This week the online retailer Amazon.com will start streaming its new series "Alpha House," a comedy written by "Doonesbury" creator Garry Trudeau. You can see the pilot episode on Amazon's website.

"Alpha" is a fairly amusing, potty-mouthed take on an actual Capitol Hill townhouse once shared by a quartet of powerful pols.

Although there is nothing remotely nontraditional about "Alpha House," which features top-line stars (e.g., John Goodman, Bill Murray) and HBO-level production values, Amazon Studios insists that "crowdsourcing" and online feedback played important roles in its launch of five new series on its fee-based service, Amazon Prime.

For instance, the company solicited series pitches on the Internet. Five thousand eager writers submitted ideas, one of which made it into production, according to the Wall Street Journal. Once Amazon winnowed down the pilots it planned to make, a million viewers rated them on the website, yielding data on how long the audience stayed with a show and whether or not they shared it with friends.

"The company is betting it can improve on the traditional TV development process by collecting viewer feedback in unprecedented ways and using it to make less risky bets on which shows to produce," the Journal reported. The endlessly disruptive Amazon apparently believes that the current system for picking TV shows "relies too heavily on studio tastemakers to decide what shows get made."

As someone who questions the "wisdom of crowds," it occurs to me to ask: Who called the shots on making "Casablanca," the perennial candidate for best movie of the 20th century?

I watched the classic again last week and marveled at its obvious strengths: tight pacing, the glowing silver palette of the indoor shots and the lapidary dialogue that college kids used to parrot word for word.

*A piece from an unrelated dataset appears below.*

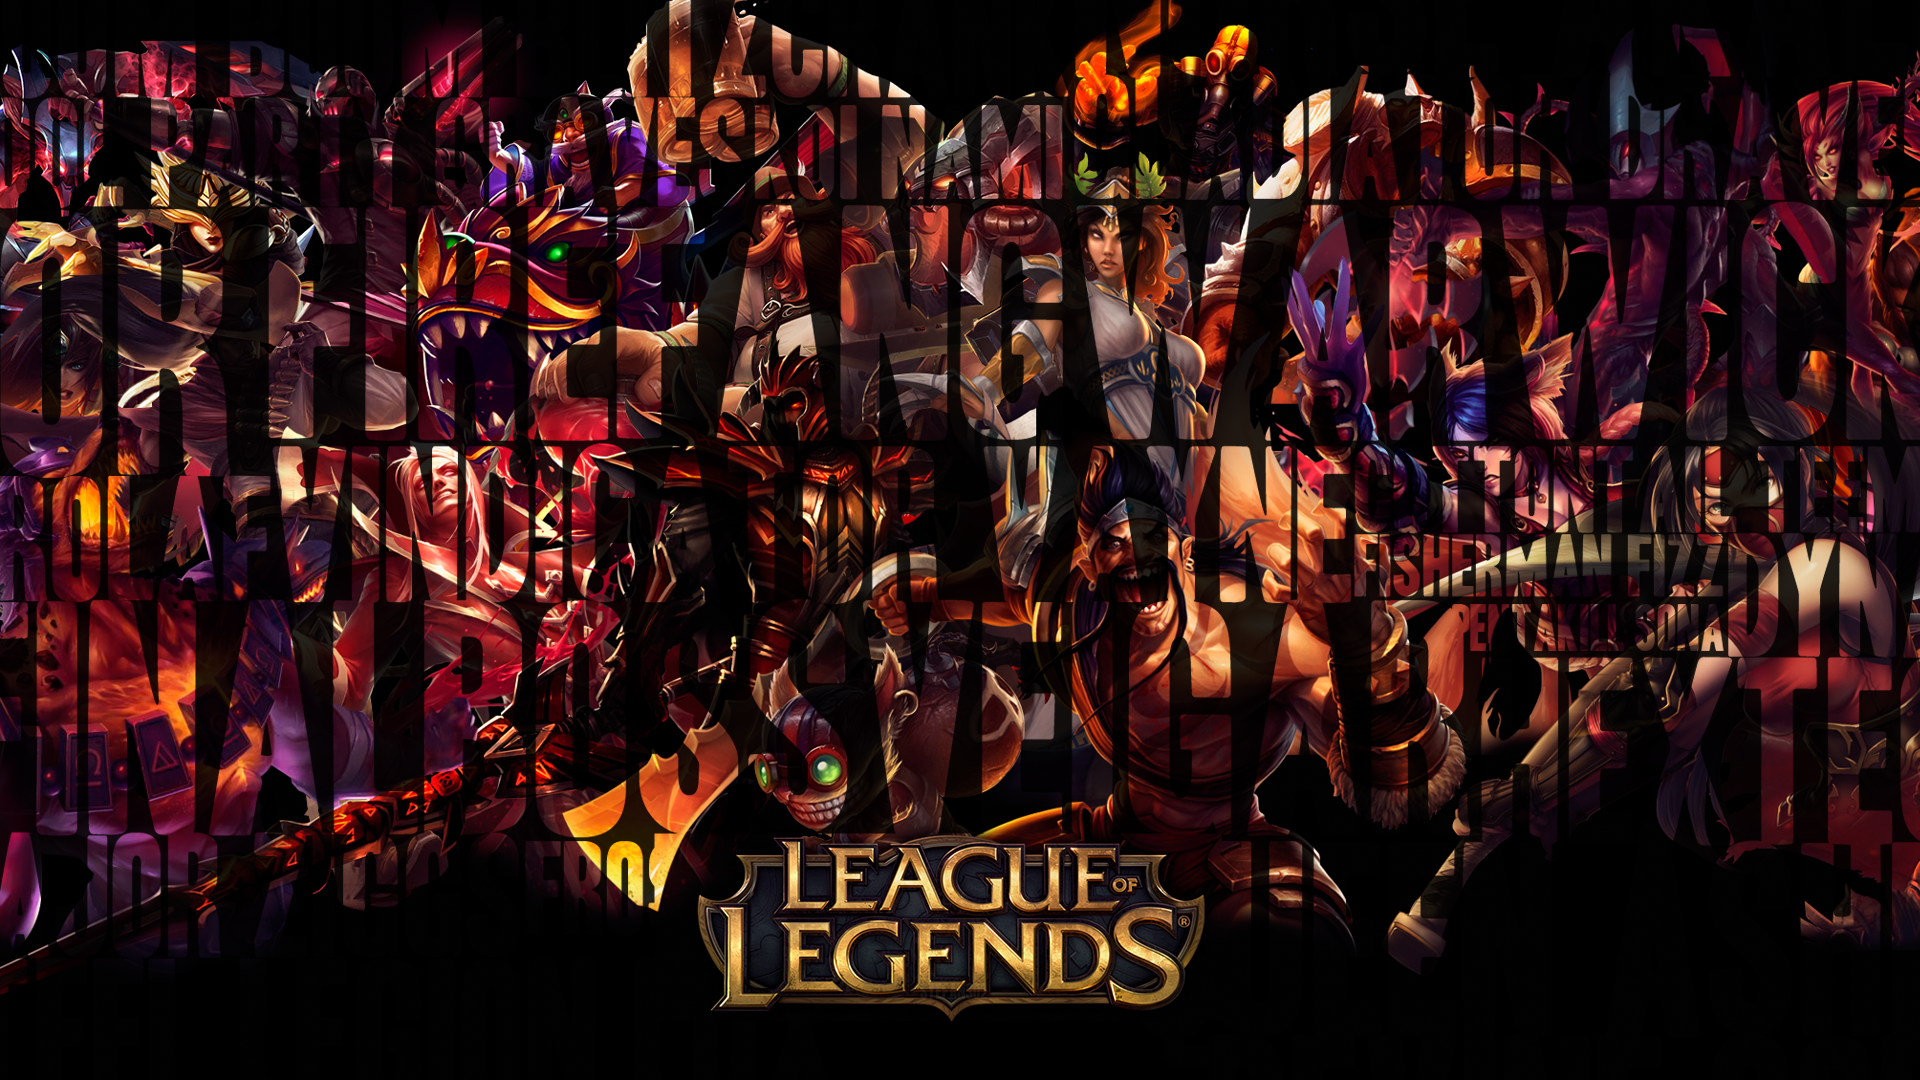 Hd wallpapers league of legends
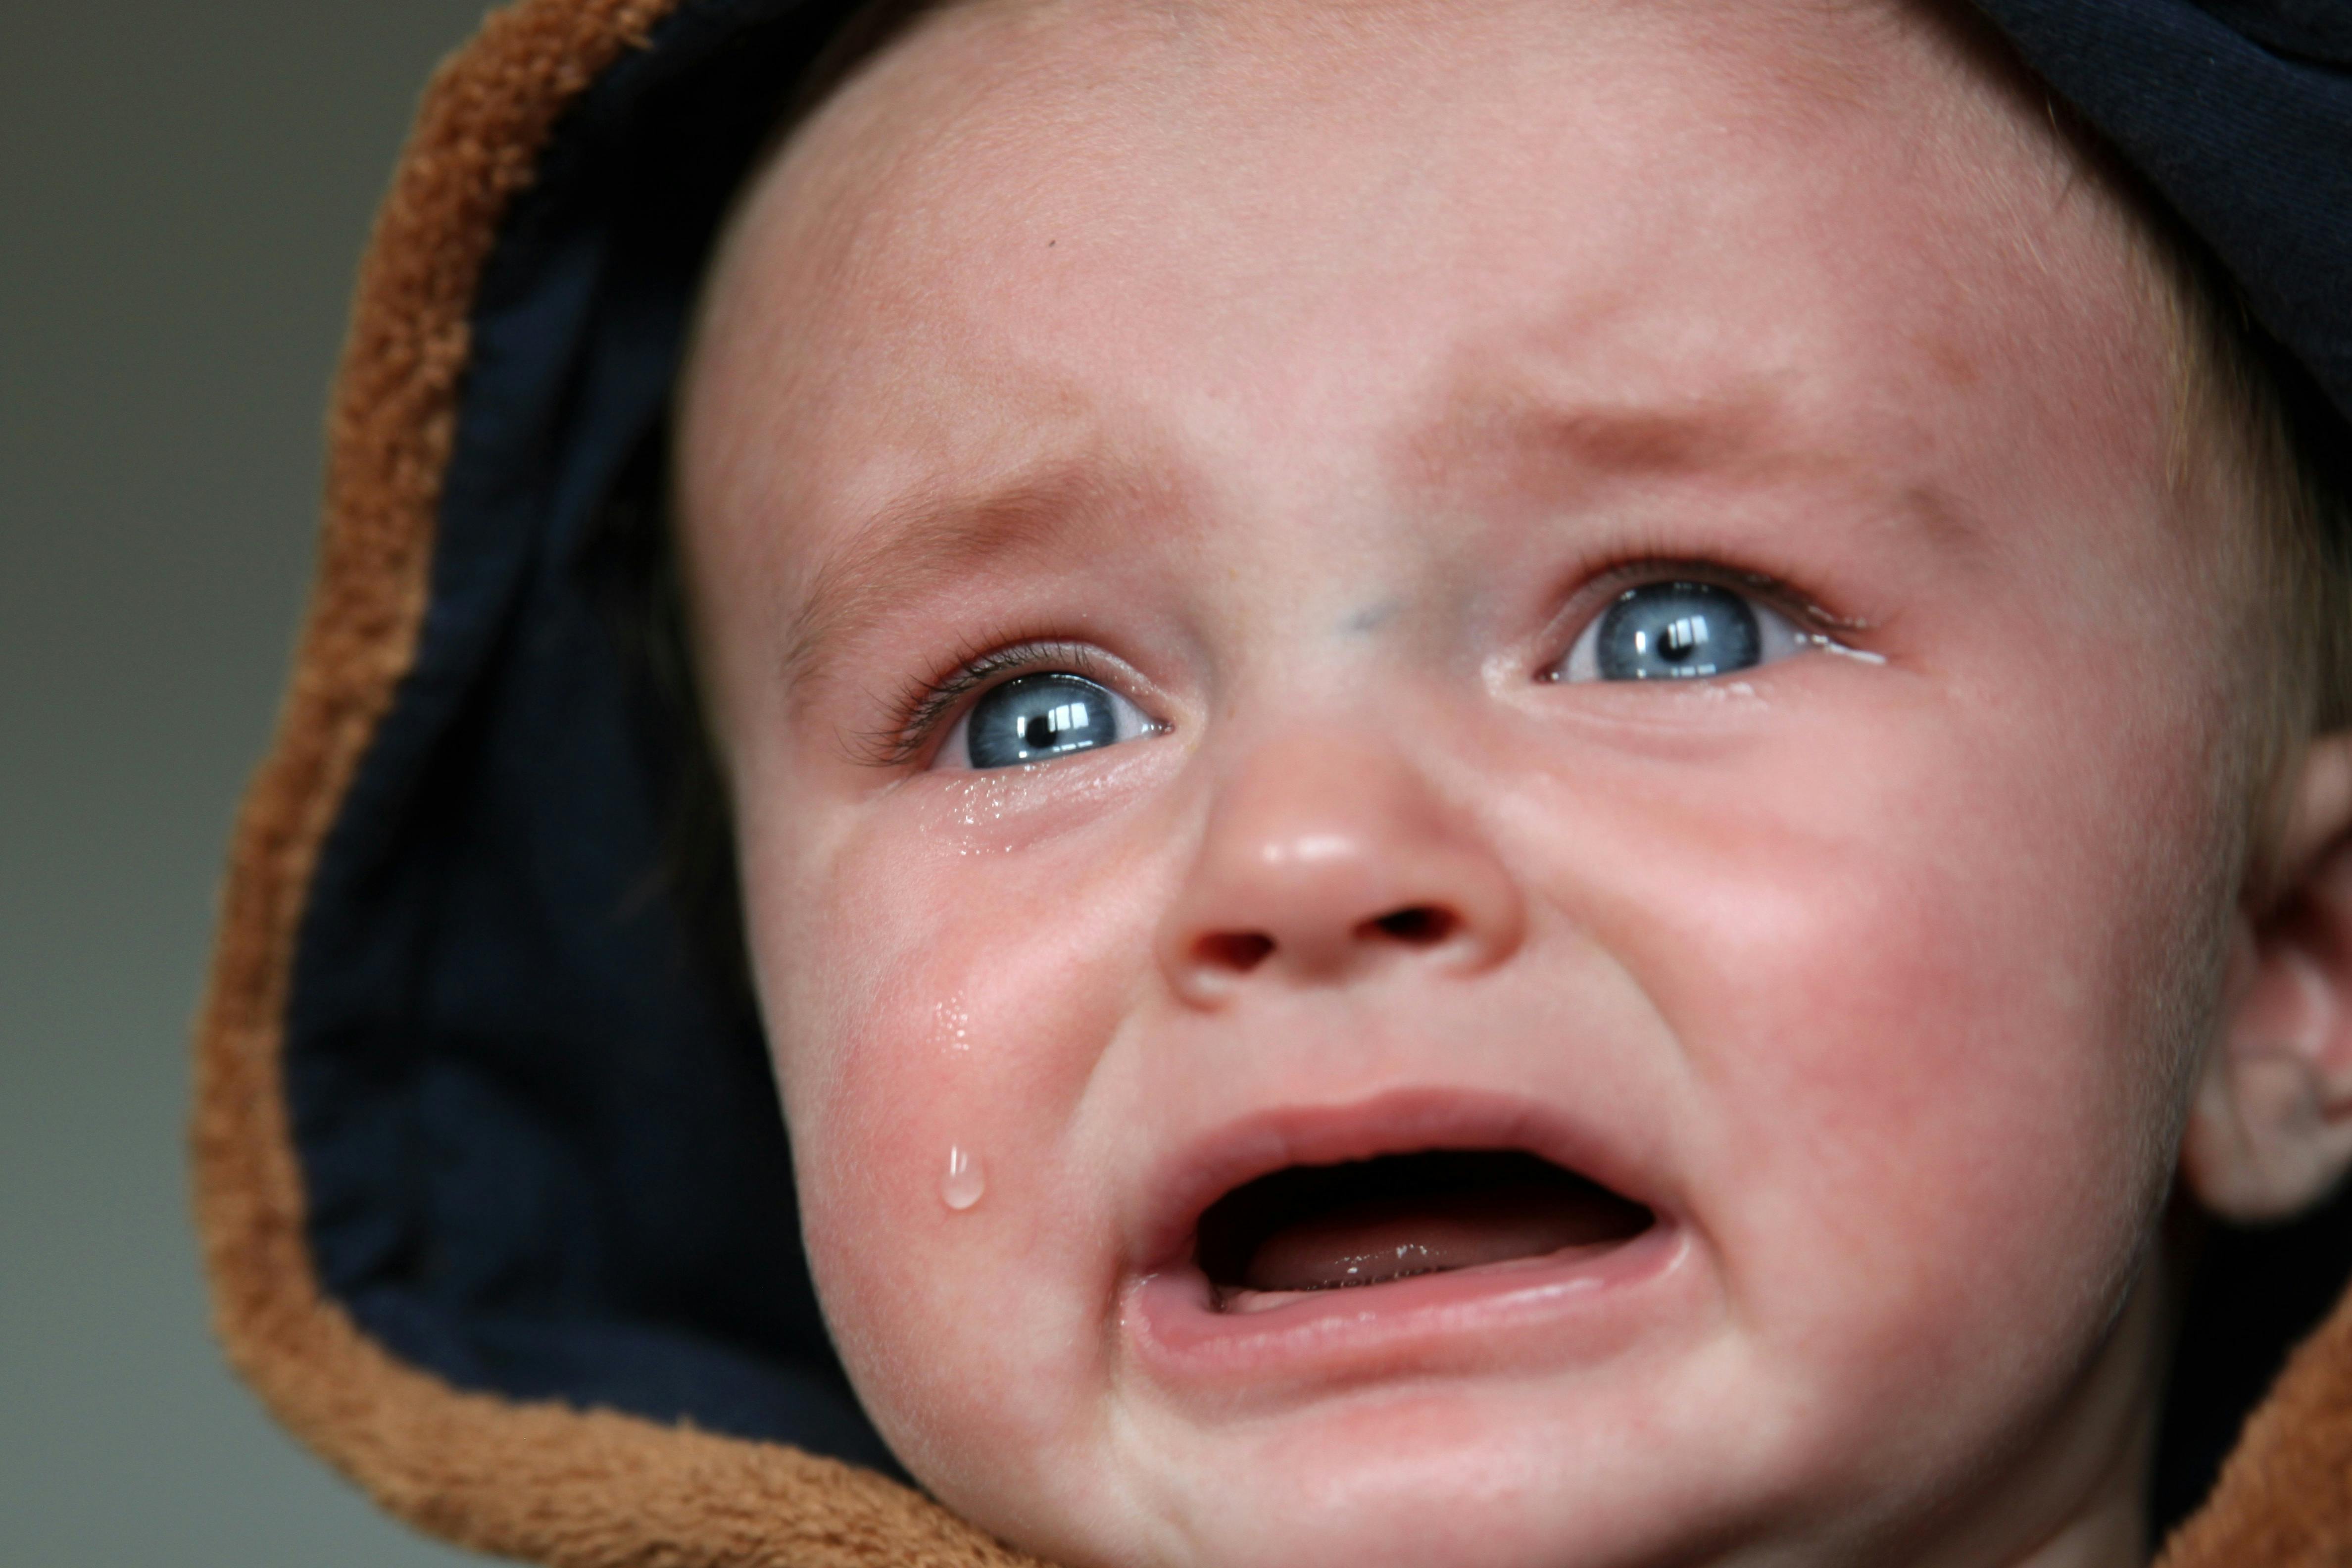 baby-tears-small-child-sad-47090.jpeg (4752×3168)

According to Aljean Harmetz's book "Round Up the Usual Suspects," the movie came to life in the usual way. Warner Brothers' story department acquired a not-half-bad, unproduced play called "Everybody Comes to Rick's." Then they shoveled talent into the studio meat grinder, assigning men and women from the Warner dream factory who happened to be available.

Two clever writers, Philip and Julius Epstein, attacked the script. Warner had a serviceable director, Michael Curtiz, available for the shoot. Curtiz, who had coined money for the studio with such Errol Flynn vehicles as "Captain Blood" and "The Sea Hawk," could be relied on to bring the movie in on time, and close to its $1 million budget.

Ambitions for the production were quite modest. When the Epstein twins pleaded with producer David O. Selznick to loan them Ingrid Bergman for their movie, they characterized "Casablanca" as a by-the-numbers piece of Hollywood hackery. "It's going to be a lot of junk like 'Algiers,' " Julius Epstein promised. "Algiers" was a nothingburger Hedy Lamarr movie best remembered for its famous trailer cliché, "Come with me to the Casbah."

Boston University Prof. Leslie Epstein, whose father, Philip, and Uncle Julius shared the "Casablanca" Oscar for best screenplay, laughs at the notion of focus-grouping or crowdsourcing the movie's key plot points.

"If you polled the audience, they'd all say they want the film to be in color, and they'd want Ingrid Bergman to take her clothes off," he says. "If the audience had its way, Rick would have run off with the girl."

In one of the most famous movie climaxes in history, Rick Blaine (Humphrey Bogart) does not run off with the girl. She departs the foggy Moroccan airport with her husband, the resistance fighter Victor Laszlo.

Epstein's take on crowdsourcing: "The artist is intended to impose his vision upon the audience, not the other way around."

With its astonishing pools of money, Amazon Studios may produce some hits. Will they produce a "Casablanca?" What do you think?